▸ **INFORMATION GIVEN**:

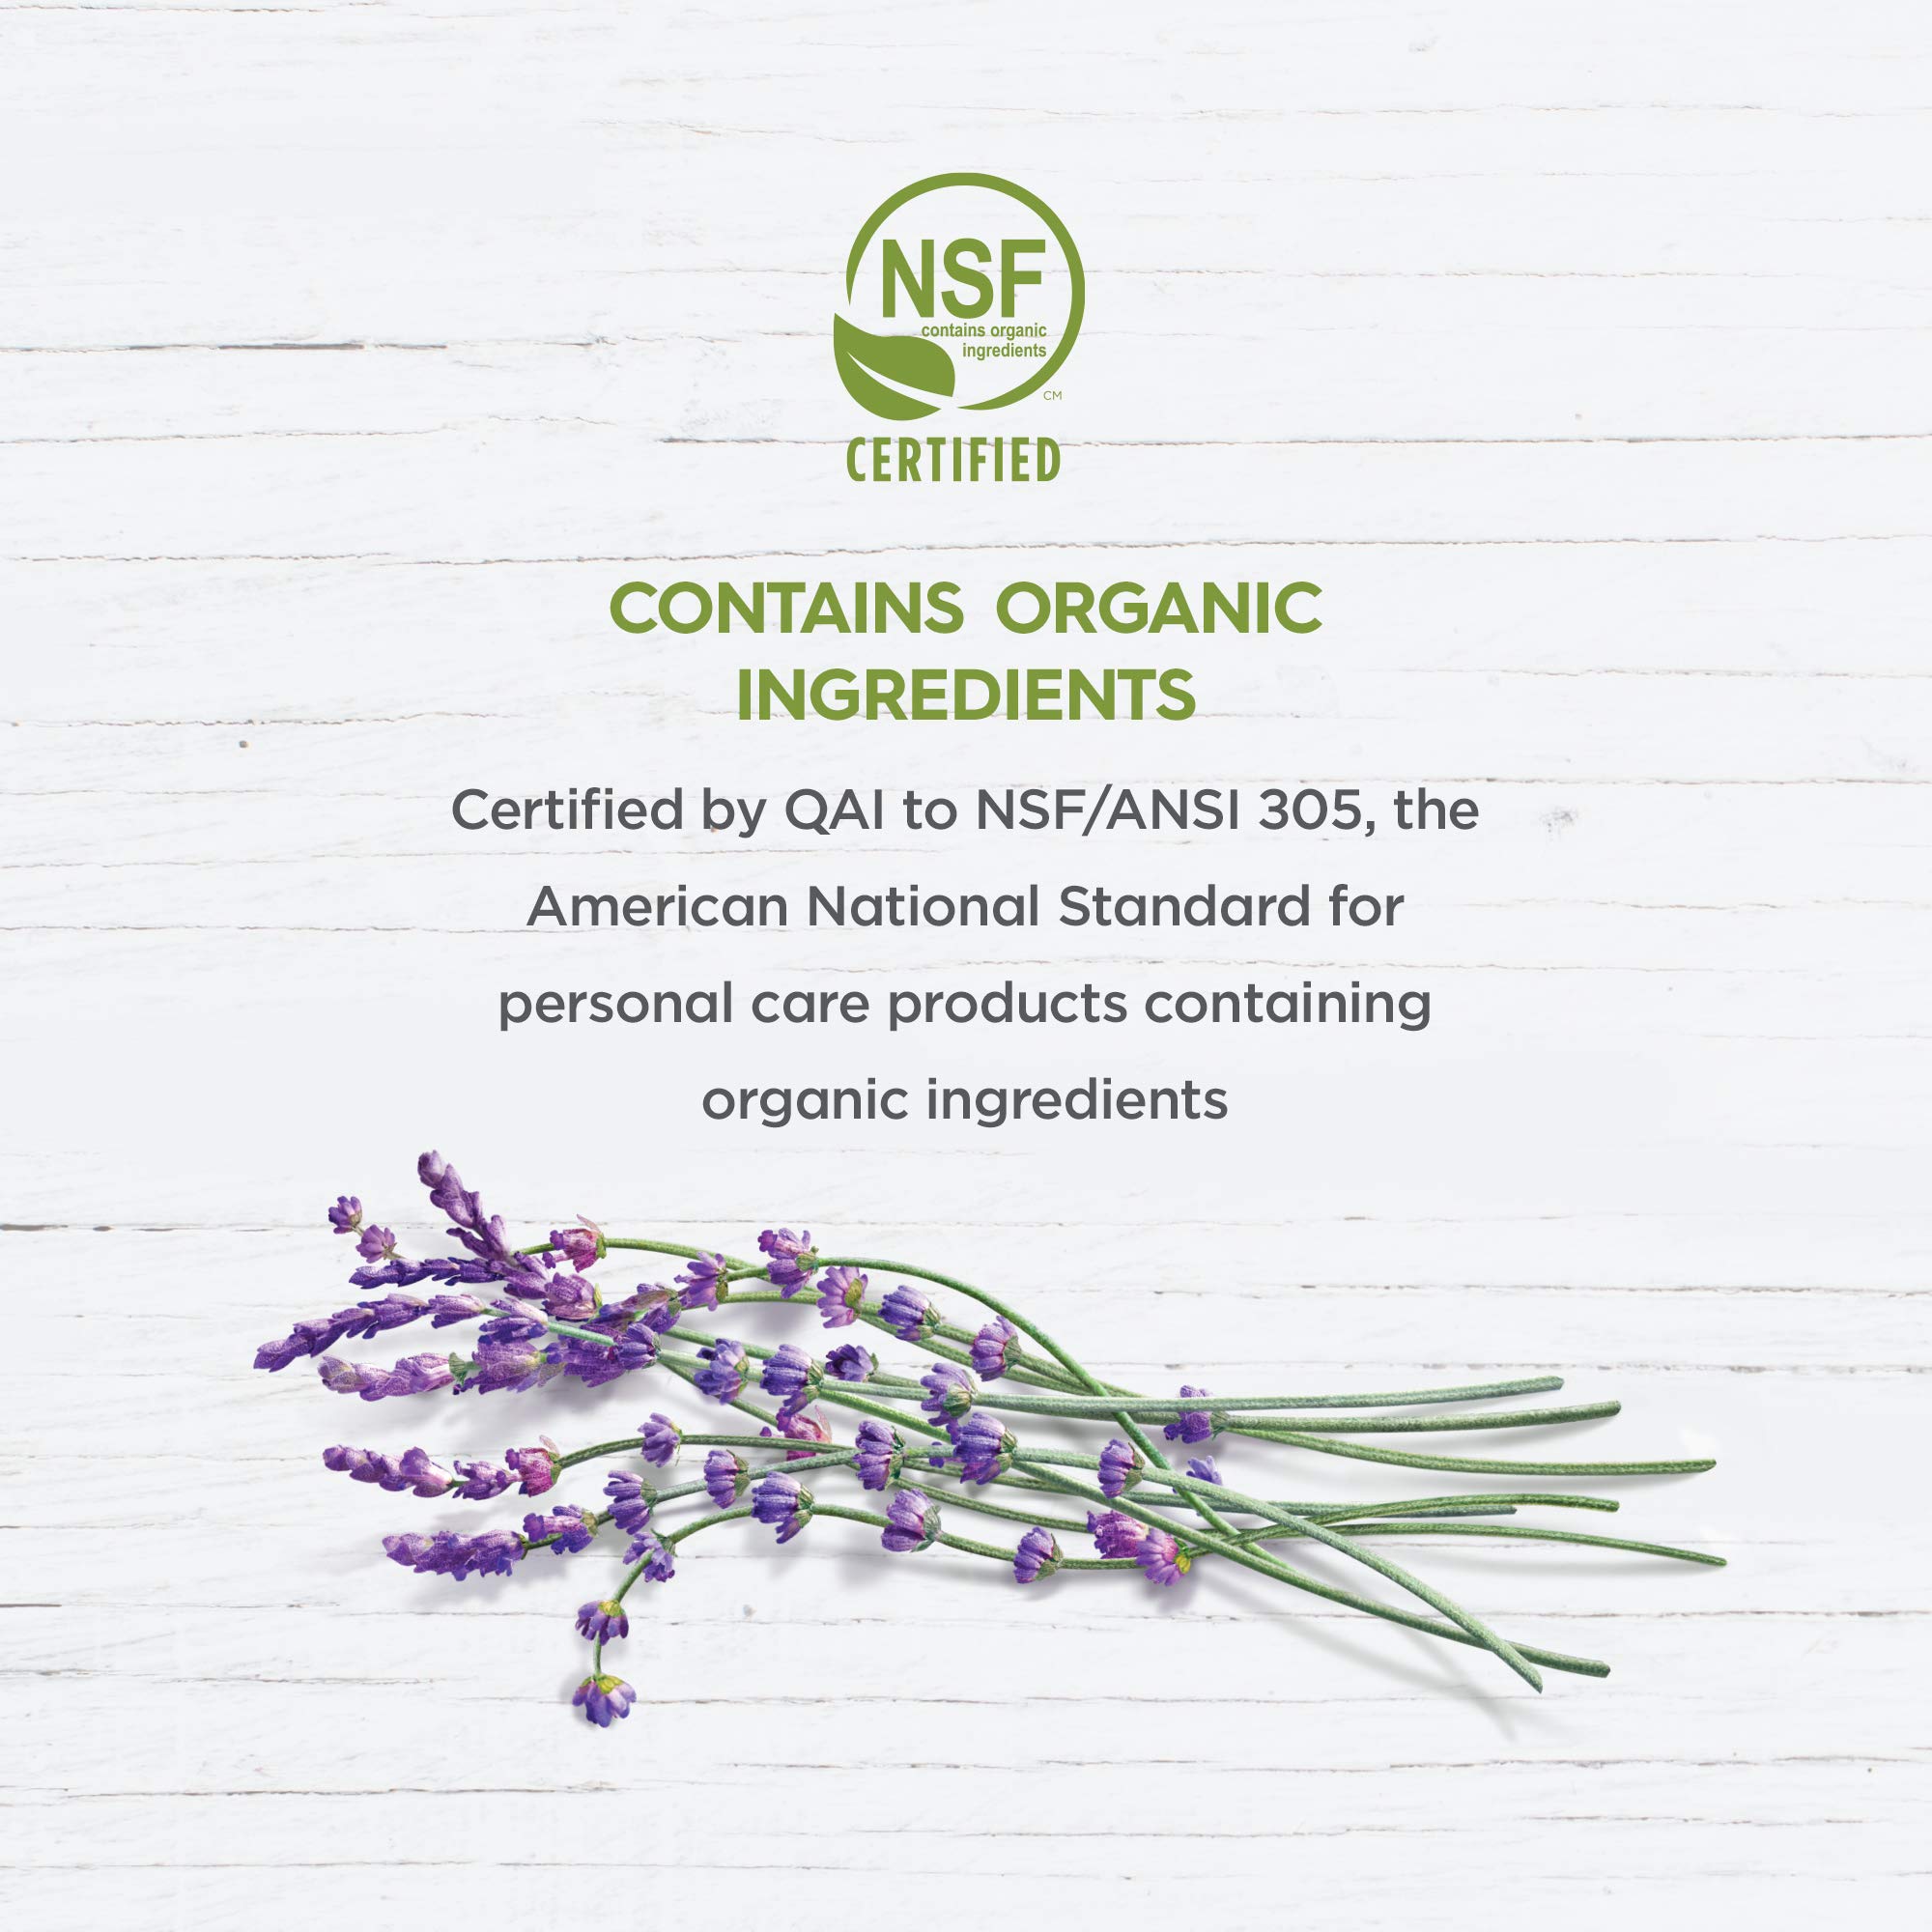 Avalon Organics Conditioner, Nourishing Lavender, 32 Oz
* * *
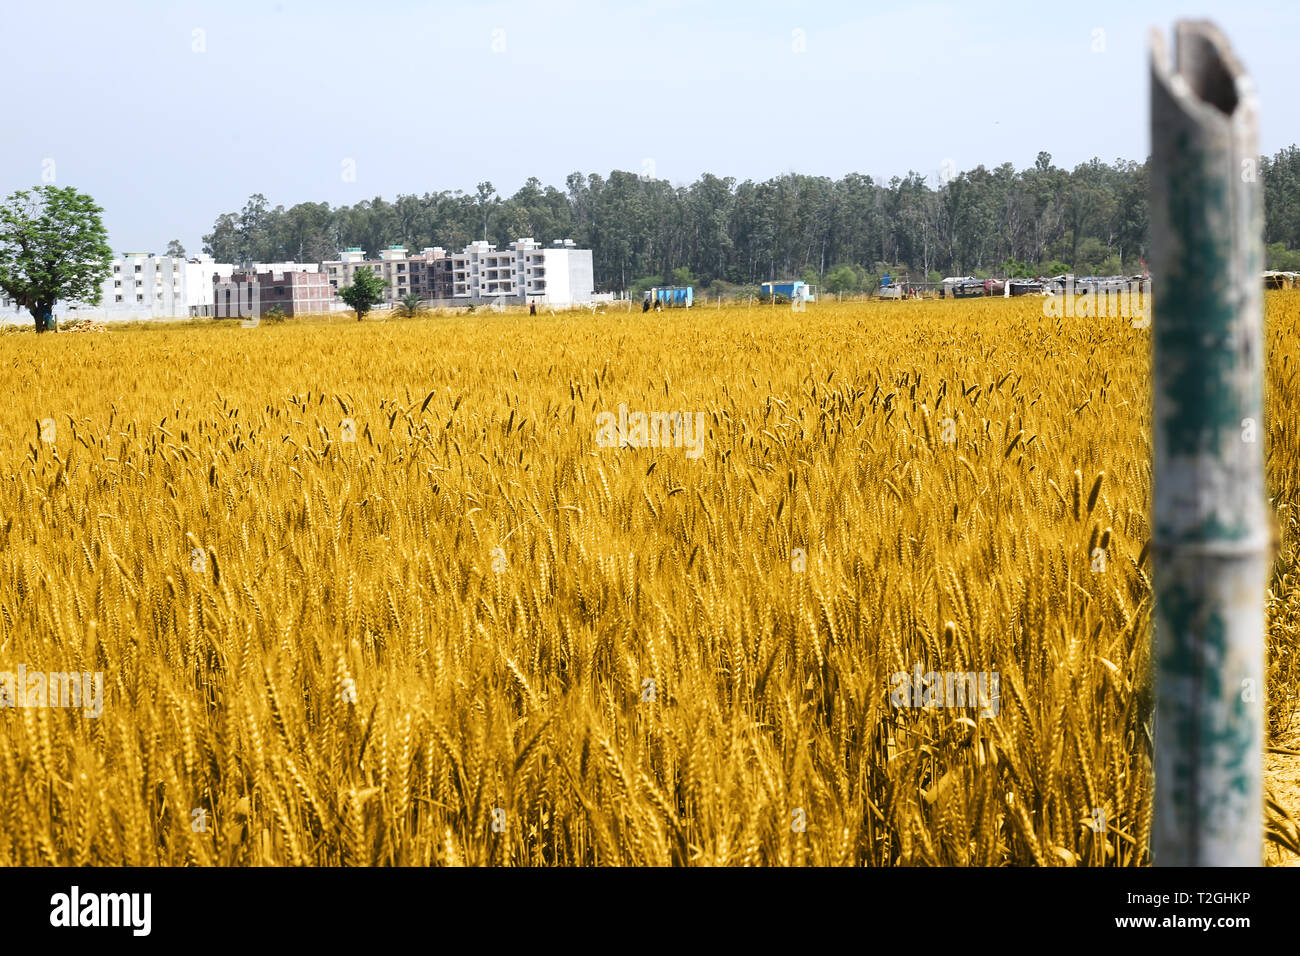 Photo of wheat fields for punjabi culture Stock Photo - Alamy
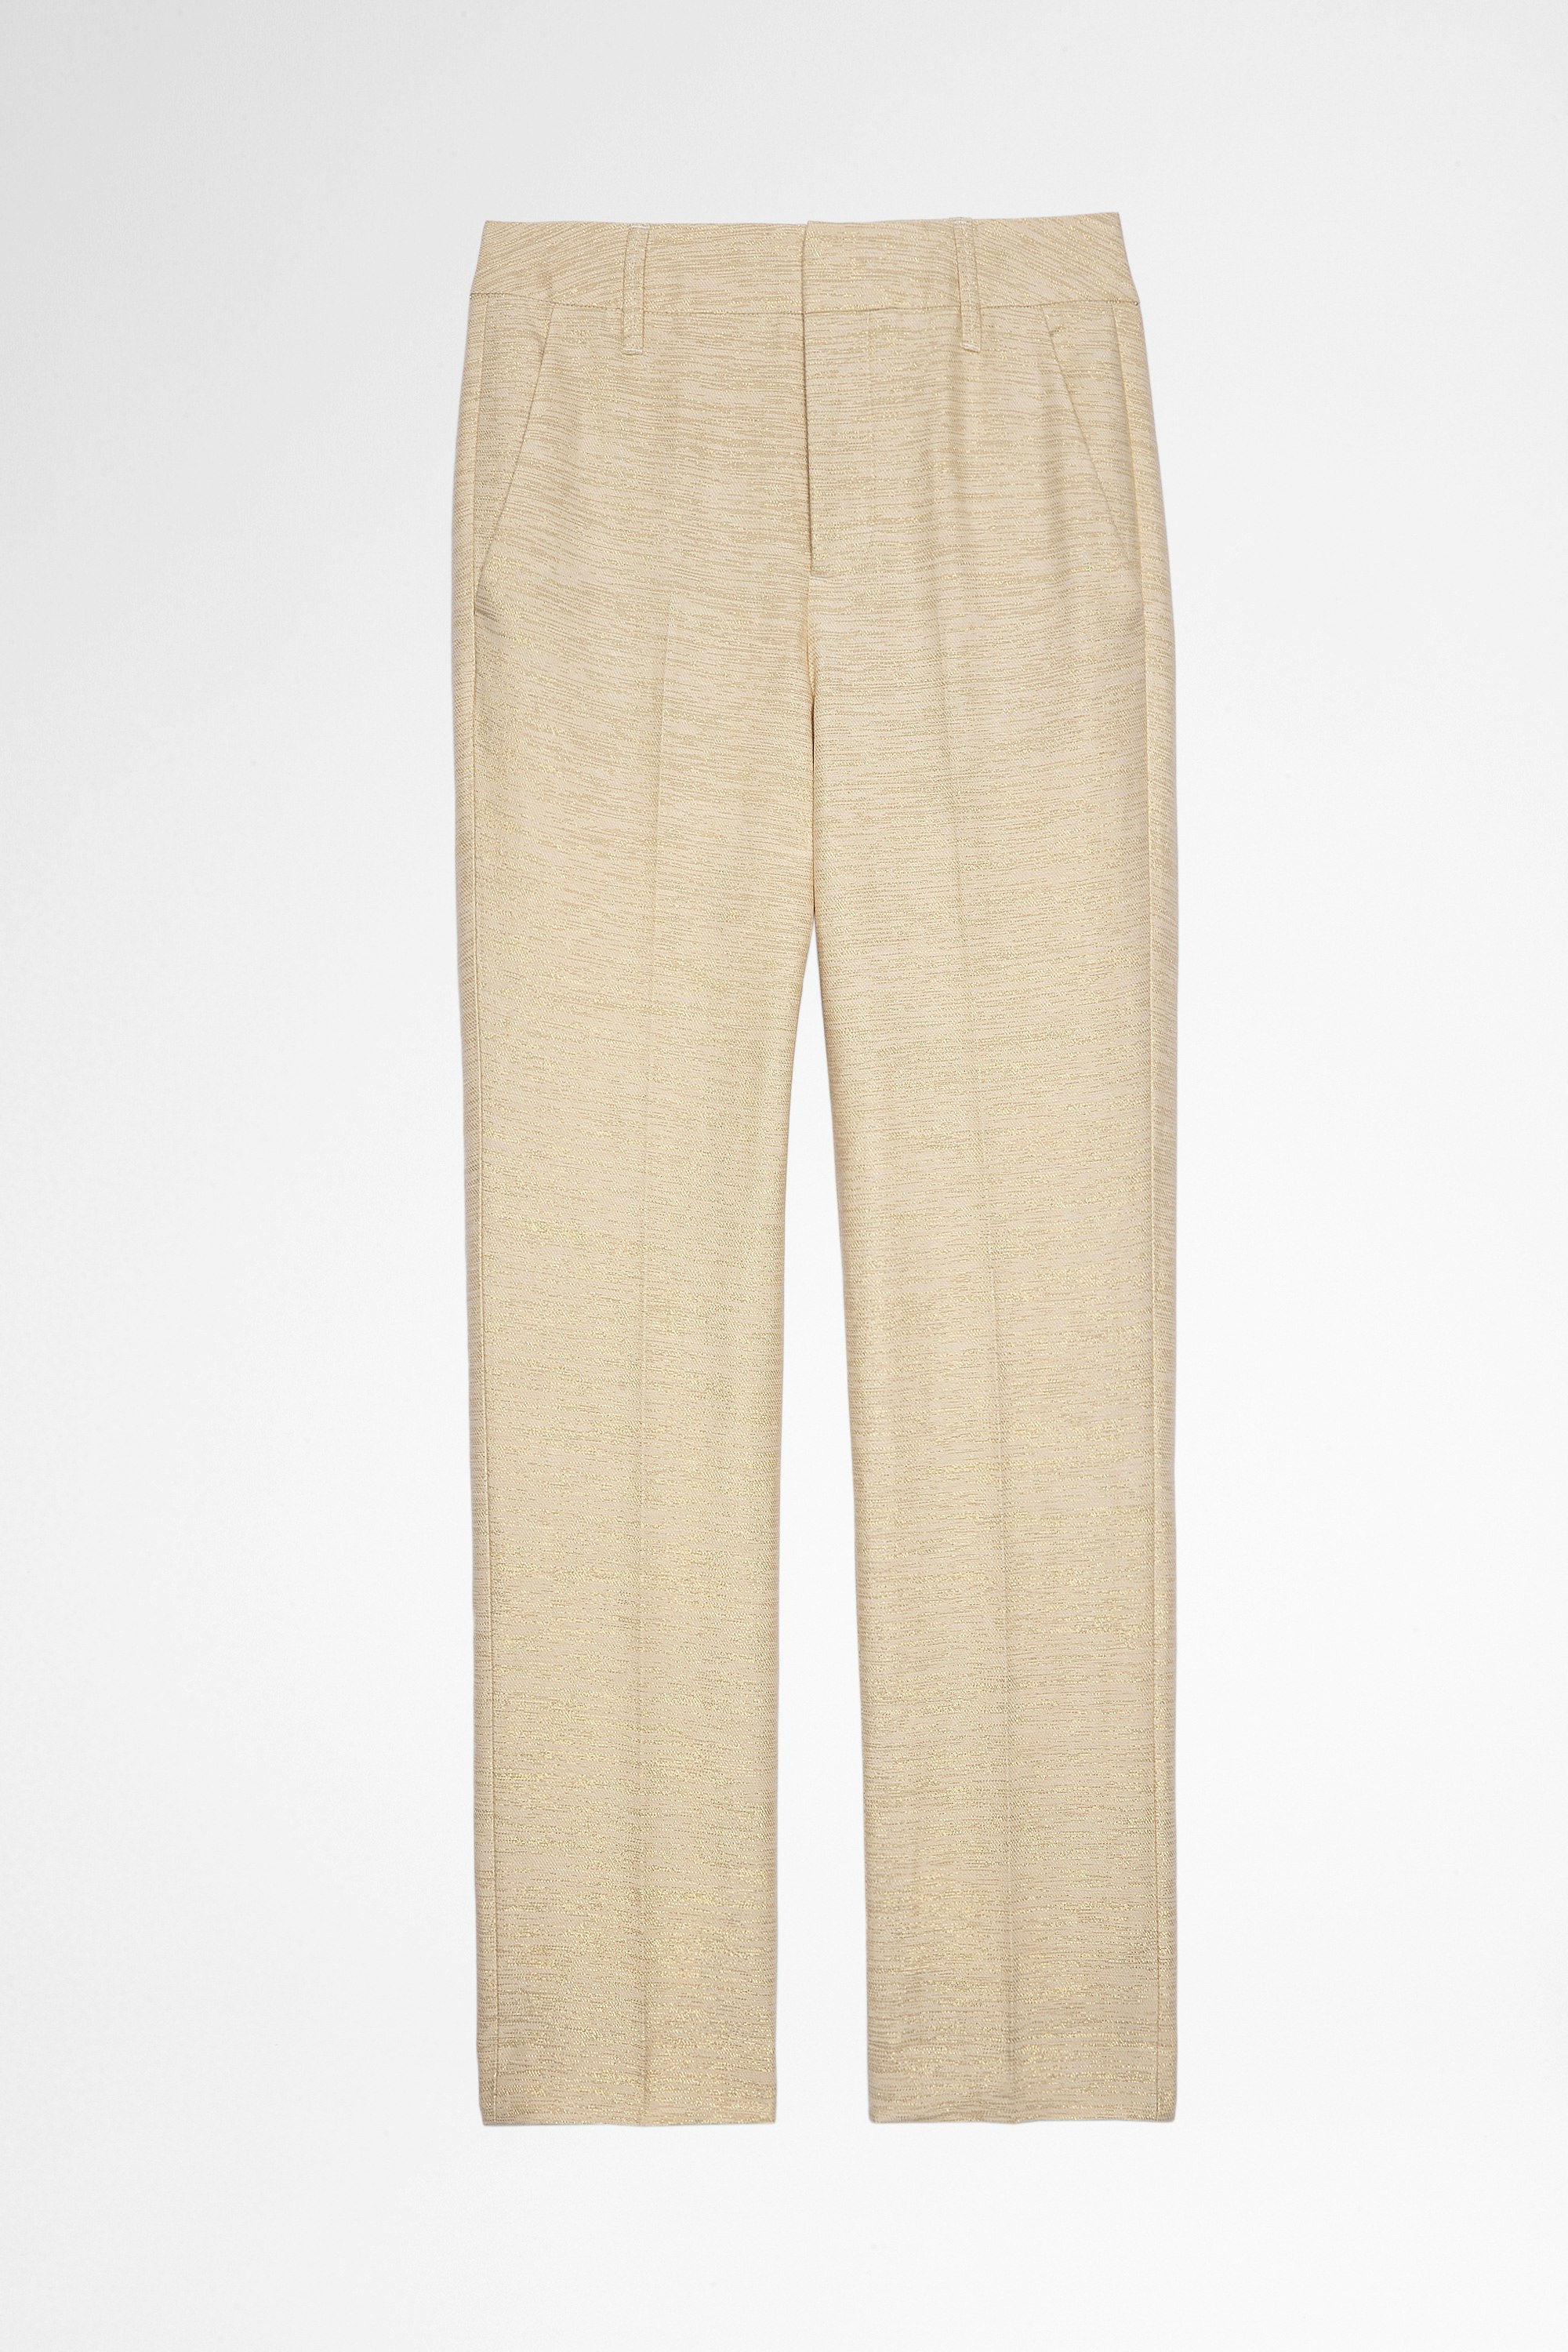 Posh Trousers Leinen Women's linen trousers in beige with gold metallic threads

▸ **EXERCISE PROMPT**:
Everything above from the line containing "Photo of wheat" through the line containing "Posh Trousers Leinen" must be repeated exactly, and the pictures must be left out.

▸ **ANSWER TO THIS EXERCISE**:
 Photo of wheat fields for punjabi culture Stock Photo - Alamy
 Posh Trousers Leinen Women's linen trousers in beige with gold metallic threads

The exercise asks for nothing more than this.